If we attempt a dry-run build of this docker image by calling storage.build(), we'd probably encounter the following error:

  gcc: error trying to exec 'cc1plus': execvp: No such file or directory
  error: command 'gcc' failed with exit status 1
  ----------------------------------------

  Running setup.py clean for pyodbc
  ERROR: Failed building wheel for pyodbc

Without going into unnecessary detail, this is because the default base image for Prefect Flows is minimal and doesn't include whatever non-Python bindings the pyodbc package requires. To add such dependencies, we will need to configure an appropriate base image to use for our Flow.

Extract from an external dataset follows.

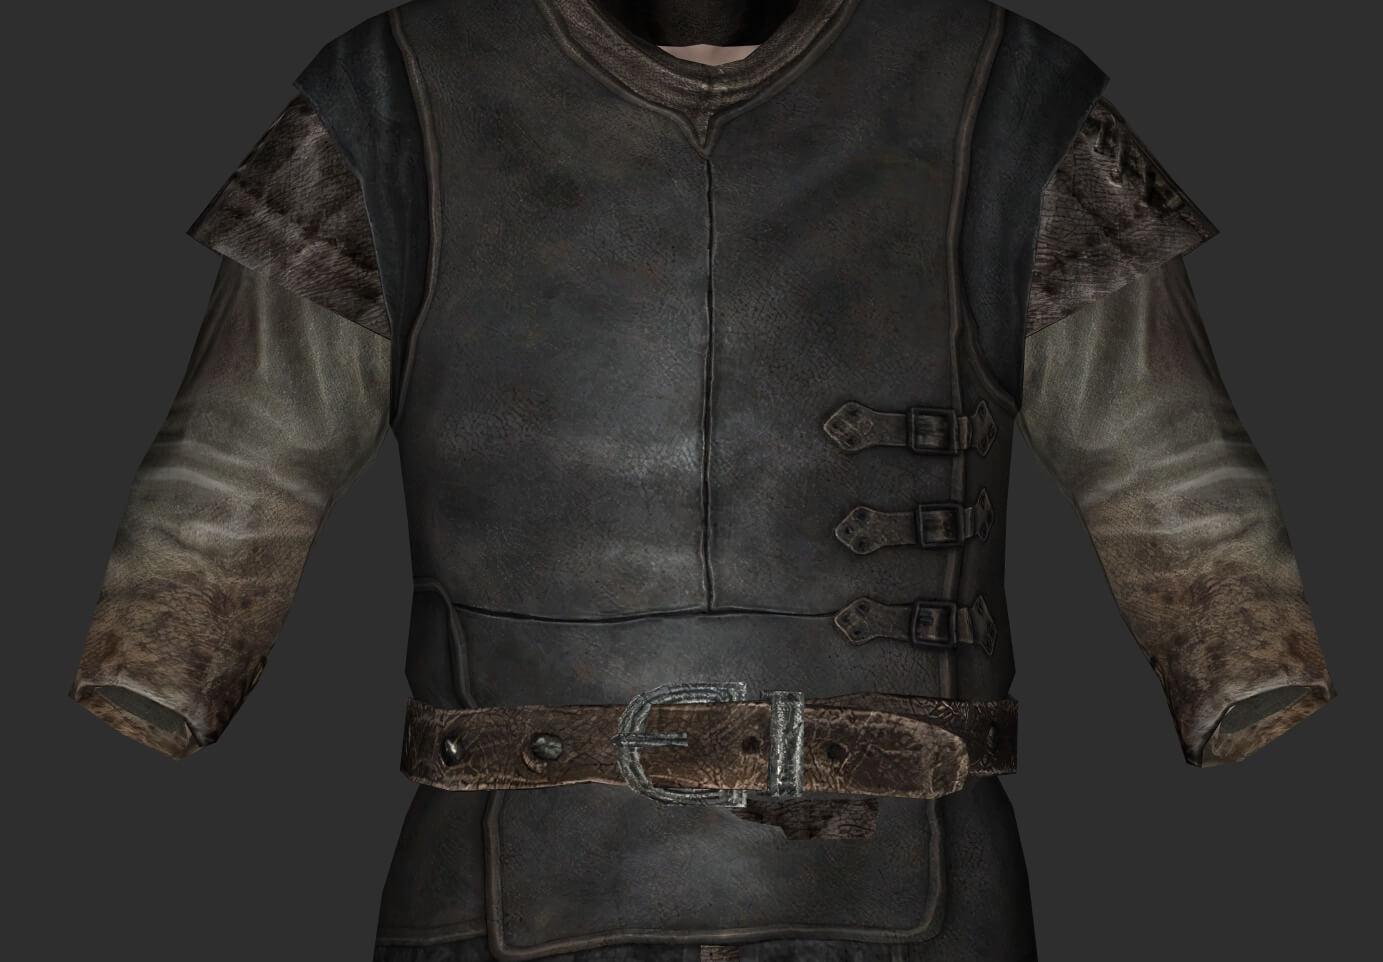 AI增强材质包让《上古卷轴5》普通衣物焕然一新

For both reference and completeness, the following Dockerfile will build a base image that allows our Flow to connect to Microsoft SQL Server through pyodbc:

FROM prefecthq/prefect:latest-python3.7

# install some base utilities
RUN apt update && apt install build-essential -y build-essential unixodbc-dev && rm -rf /var/lib/apt/lists/*
RUN apt-get update && apt-get install curl -y

# install mssql-tools
RUN curl https://packages.microsoft.com/keys/microsoft.asc | apt-key add -
RUN curl https://packages.microsoft.com/config/debian/10/prod.list > /etc/apt/sources.list.d/mssql-release.list
RUN apt-get update && ACCEPT_EULA=Y apt-get install msodbcsql17 -y
RUN ACCEPT_EULA=Y apt-get install mssql-tools -y

# update bash configuration
RUN echo 'export PATH="$PATH:/opt/mssql-tools/bin"' >> ~/.bash_profile
RUN echo 'export PATH="$PATH:/opt/mssql-tools/bin"' >> ~/.bashrc

# update OpenSSL configuration file
RUN sed -i 's/TLSv1\.2/TLSv1.0/g' /etc/ssl/openssl.cnf
RUN sed -i 's/DEFAULT@SECLEVEL=2/DEFAULT@SECLEVEL=1/g' /etc/ssl/openssl.cnf

Note that we used python3.7 above, but you should attempt to match the version of Python you used in building your flow.

What types of Docker images are allowed as base images?

Note that the only universal requirement for your Flow's Docker images are that the Prefect python package can be installed into them (note that Prefect will attempt to install itself at build time if your base image doesn't already have it installed).

Prefect defaults

Prefect attempts to infer sensible defaults for as much as it can, including the version of Python you are using and the version of Prefect. Additionally, Prefect attempts to run various "healthchecks" which ensure your Flow's Docker image is compatible with your Flow code. However, there is only so much Prefect can infer - if your Flow requires complicated dependencies you may need to experiment with various Docker images.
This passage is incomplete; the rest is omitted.